Anyone who’s lived in Japan for any length of time will be aware of the phenomenon by which Japanese society seeming to be more accepting of both men and women checking their reflections. One tends to see it here a lot more than is common in other countries. The Japanese have a love affair with label clothing and are aware that they are an image-conscious nation. But the self love doesn’t always stop there. Lets take this morning for example.

So I saw three naked Japanese men before work today. The first was on his balcony opposite my gym. He’s throwing some shapes and admiring himself in his window. Perhaps he doesn’t realise there is a giant Racto department store and gym just across the road from his apartment.
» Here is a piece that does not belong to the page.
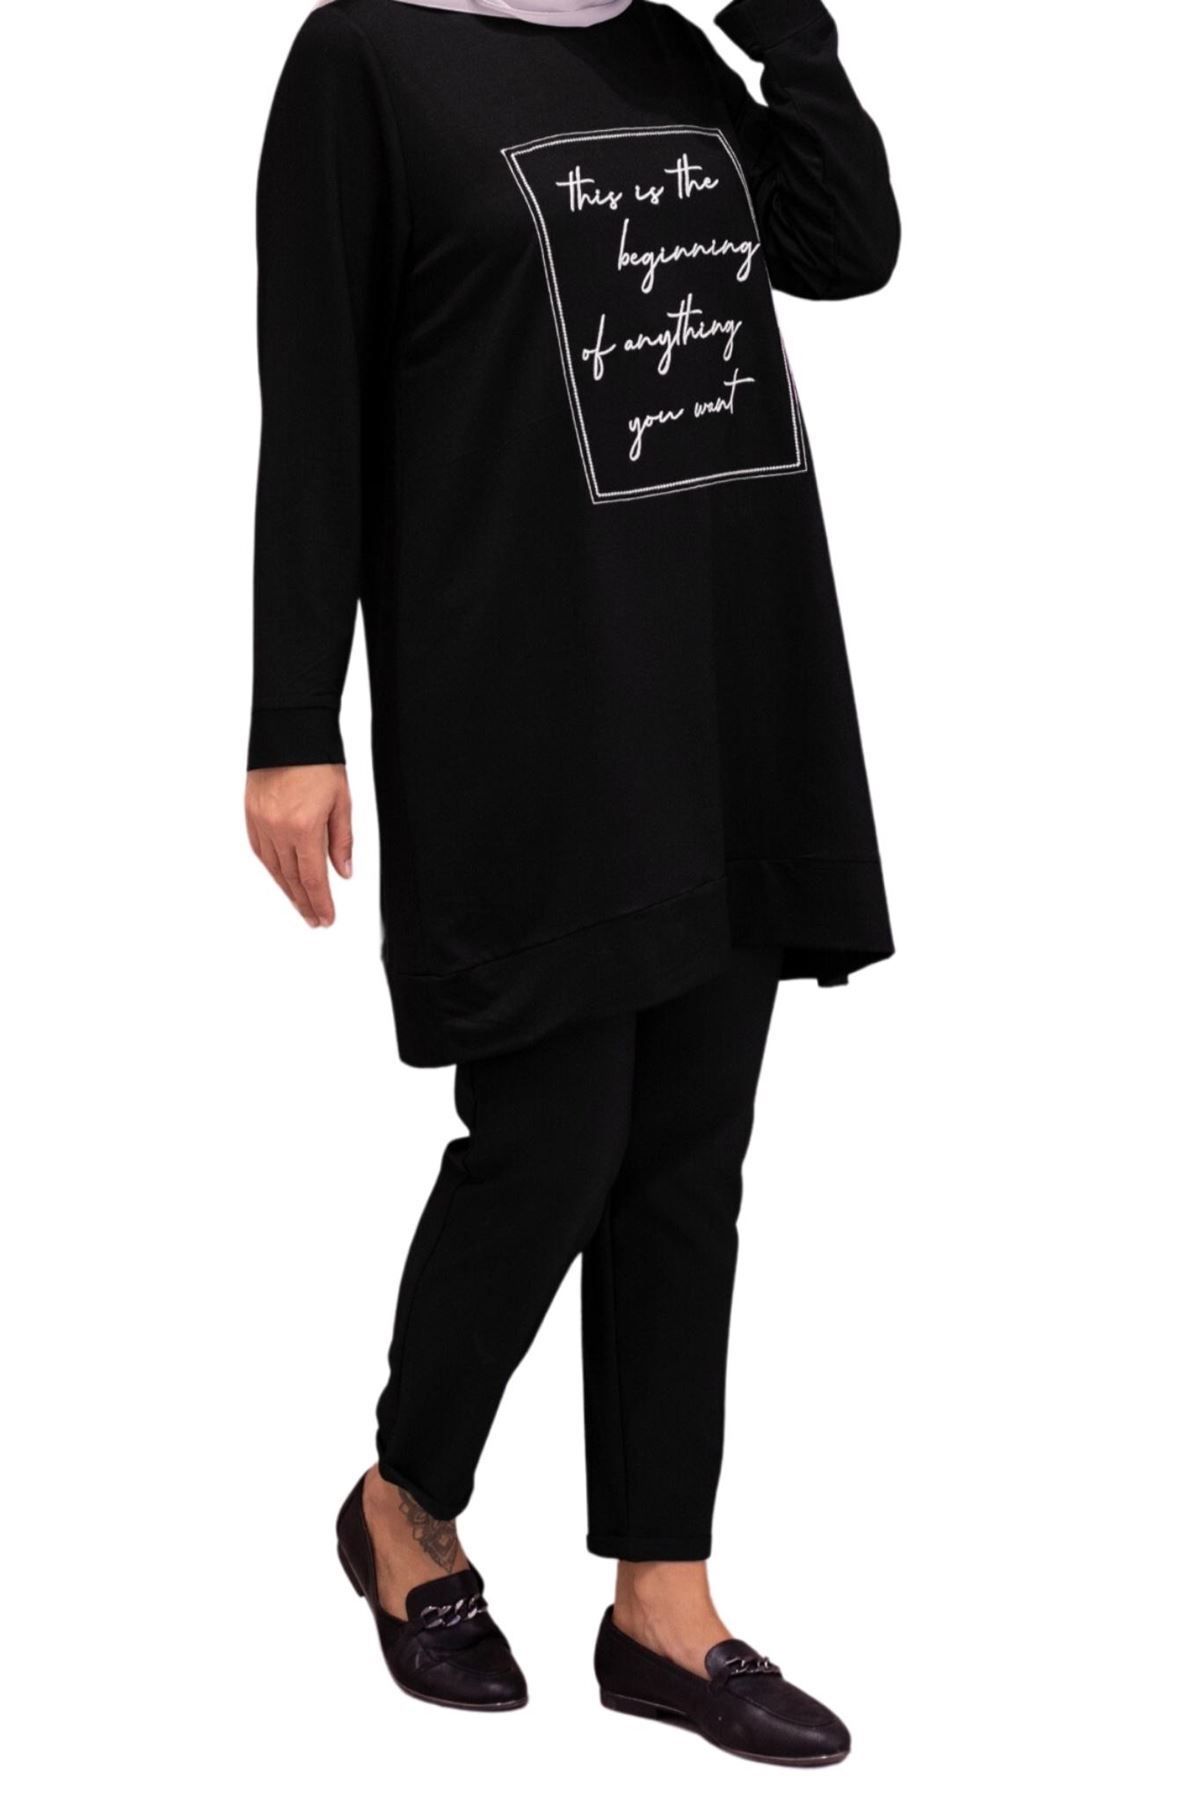 ottoman wear OTW20025 İki İplik Tunik Siyah
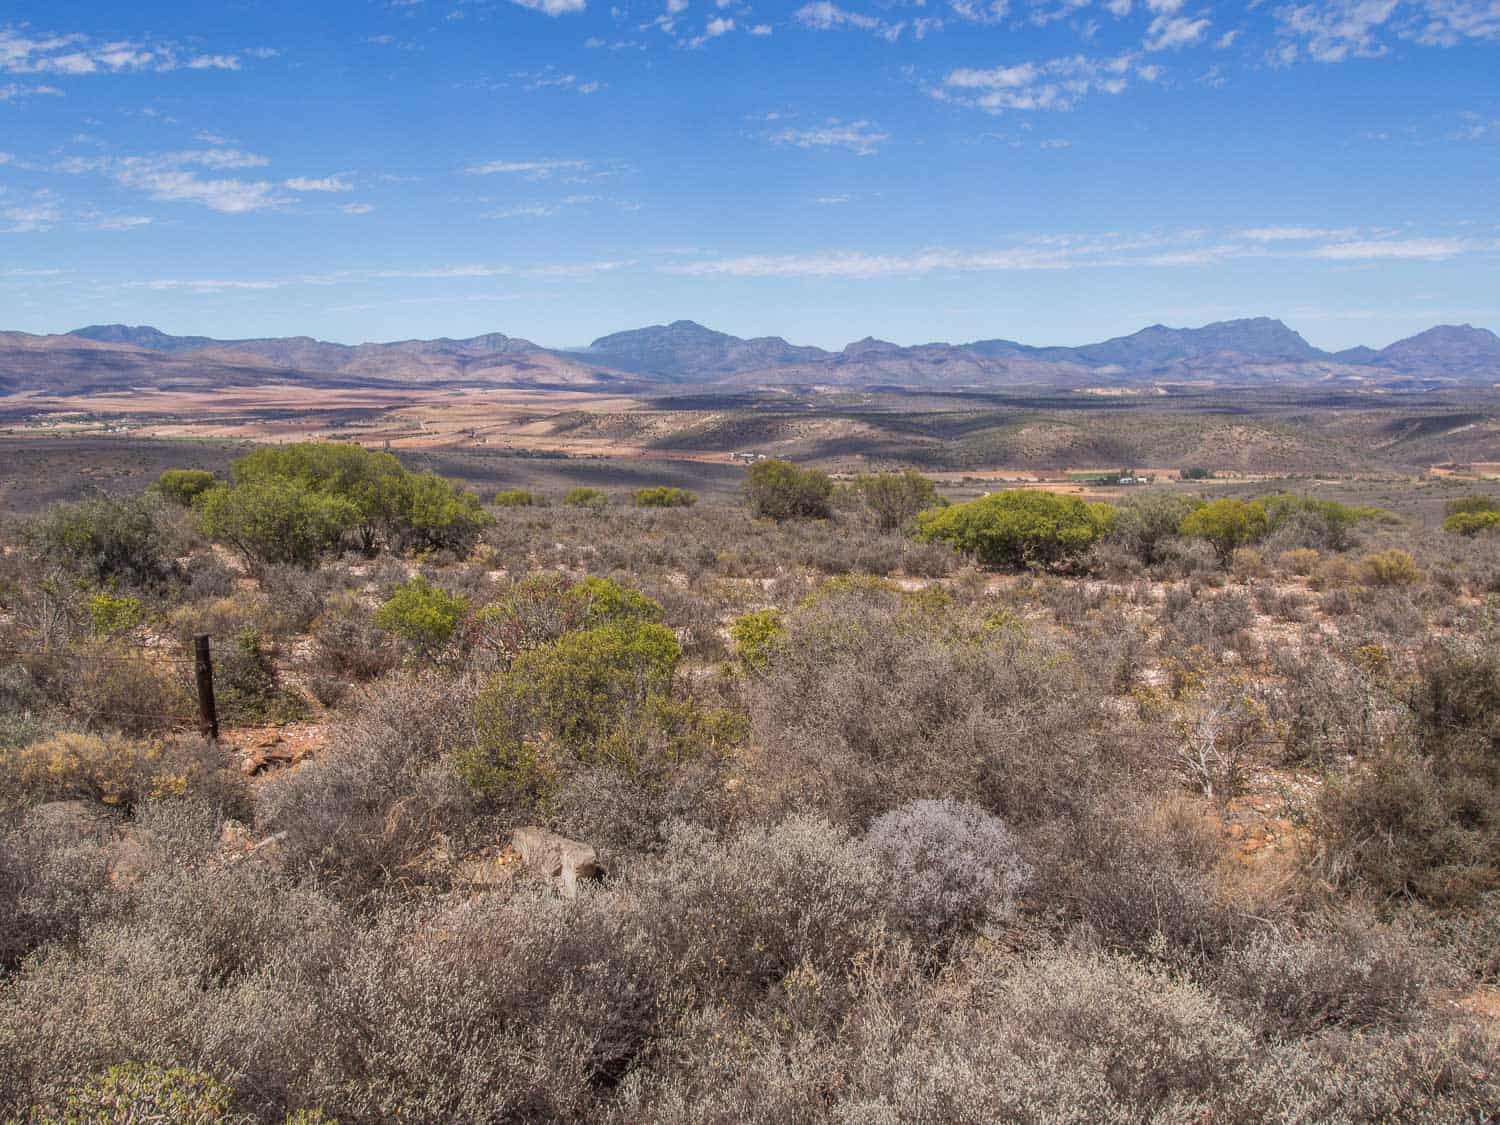 Oudtshoorn semi-desert landscape in South Africa's Klein Karoo

When he eventually notices the 30-odd people on the treadmills and cycling machines to whom he is offering a full frontal view he hurriedly closes the curtains. And much appreciated it is too. Perhaps he is new to the area, lets give him the benefit of the doubt.

This morning’s second exhibitionist is drying off as I come out of the shower. In the doorway, next to the towel shelf, there’s a guy looking in the mirror with his right leg high in the air like a sumo wrestler.
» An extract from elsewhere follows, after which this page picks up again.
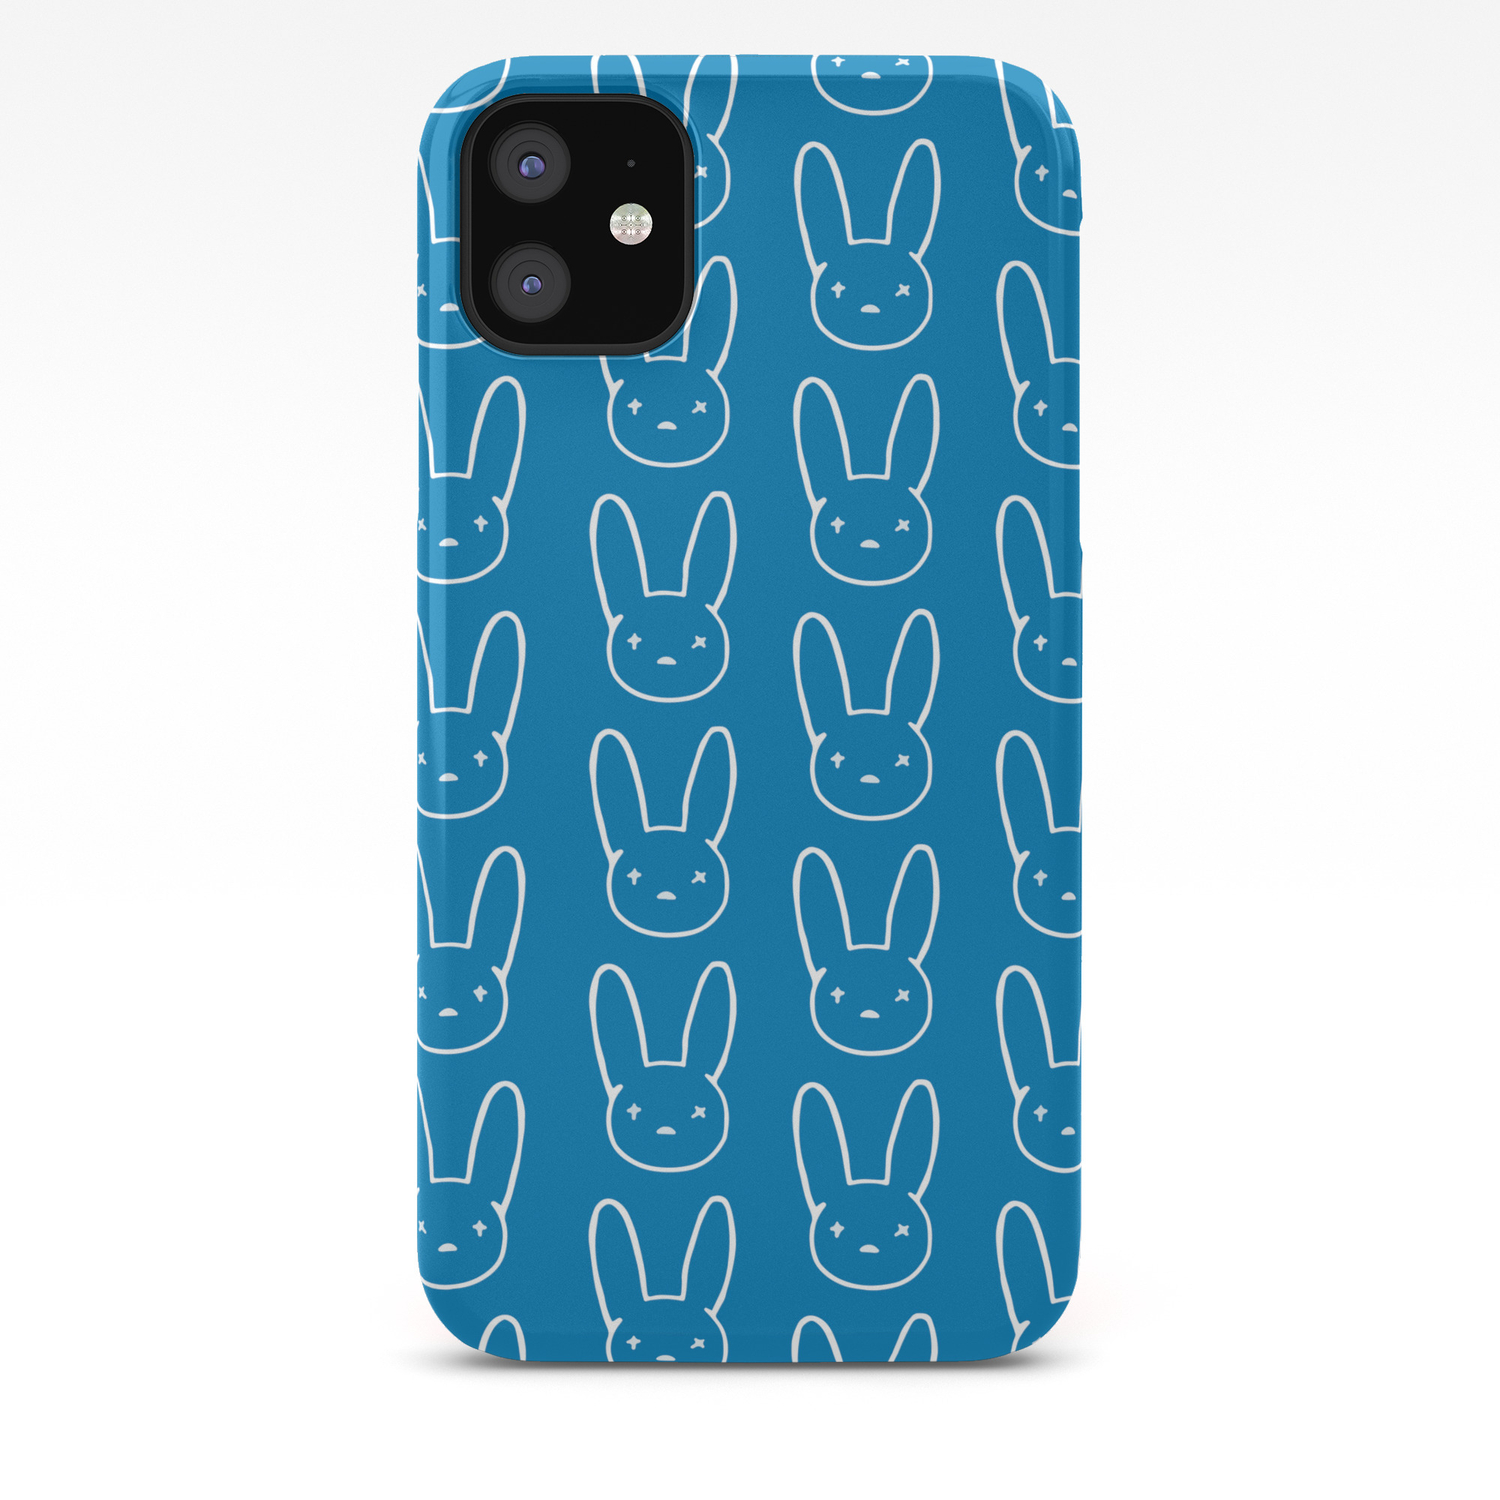 Bad bunny iPhone case

I thought I’d become inured to the abundance of FUBAR in Japan, but this one catches me a little off-guard.I guess he’s ill-advisedly acting out a pre-match sumo fantasy in a public place with no clothes on. Either that or he’d misplaced his towel and was trying to air out his undercarriage “the natural way”. He put his leg down pretty darn sharpish when he saw me emerge from the showers and I do the polite thing of looking around as if I hadn’t seen his shame. When I say “shame” I of course mean “gooch”. Why it would come as a surprise to him that someone should be using the shower is a mystery to me.
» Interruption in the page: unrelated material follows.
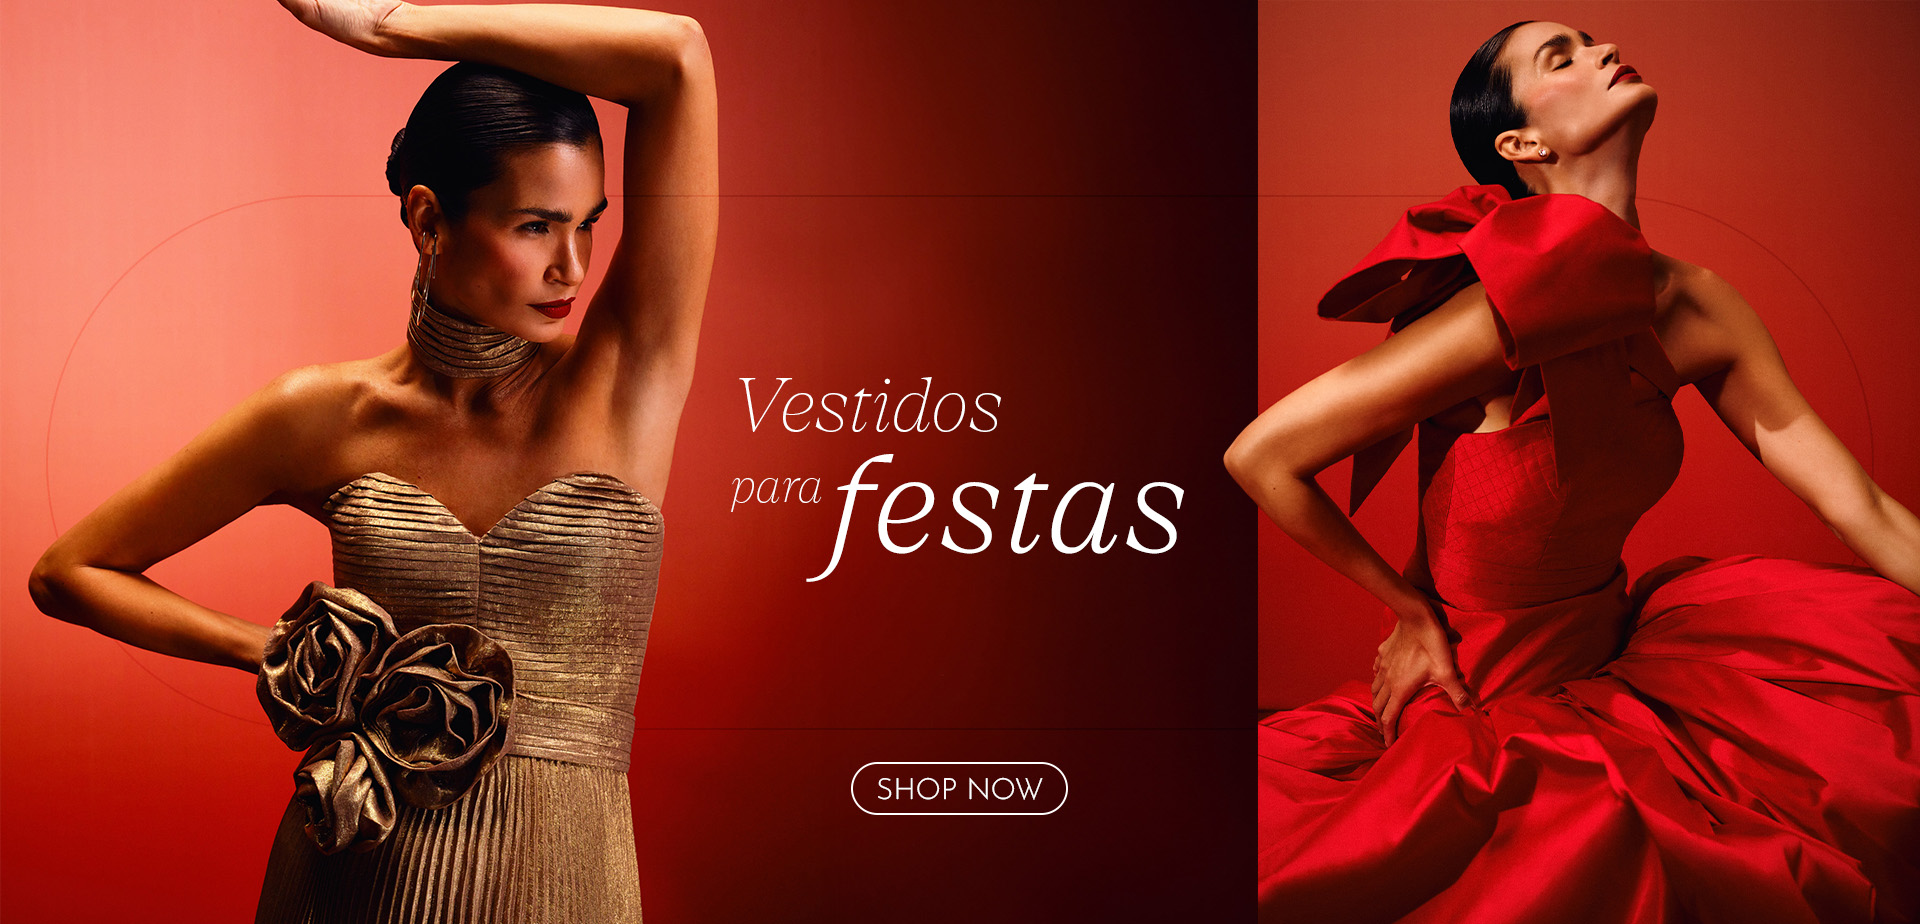 Vestidos Festa desktop

Then struck number three. I walk into the changing room and there’s a portly chap standing in front of a full-length mirror, next to an electric fan. I presume the fan/mirror setup is purportedly for the purposes of a post shower dry off. Sadly some people seem to treat it as a glamour shoot with a wind machine. This man is no exception and is facing his reflection while playing with his diminuitive equipment when I round the corner. To my chagrin I’m perfectly placed to have my eyes assaulted with the left and right profile views of his public fiddling sesh.

Perhaps he was trying to “image up” in case someone should walk in and catch a glimpse. Sadly I did walk in and it he seems he, like the others before him, did not expect to see any other customers in the gym that day. He dropped it immediately when he saw me (luckily it didn’t have very far to fall) and looked embarrassed. As well he should.

So a good morning for weird, naked Japanese guys, but not three memories I’d like to hold onto until my dying day. Ideally I’d like to toss them into the recycle bin to make room for more important/less stomach-turning recollections further down the road.All in all though, the morning got me thinking: I don’t appreciate being subjected to gag-inducing horror any more than the next guy but should we choose to see it as a positive thing that Japanese men are the highly-sexed, narcissistic bonobos of the world? Or is it worrying to think that a large number of guys you cross swor… I mean paths with is so weird that he does nothing to improve the international reputation of Japanese men as sex pests and hentai-anime-loving perverts?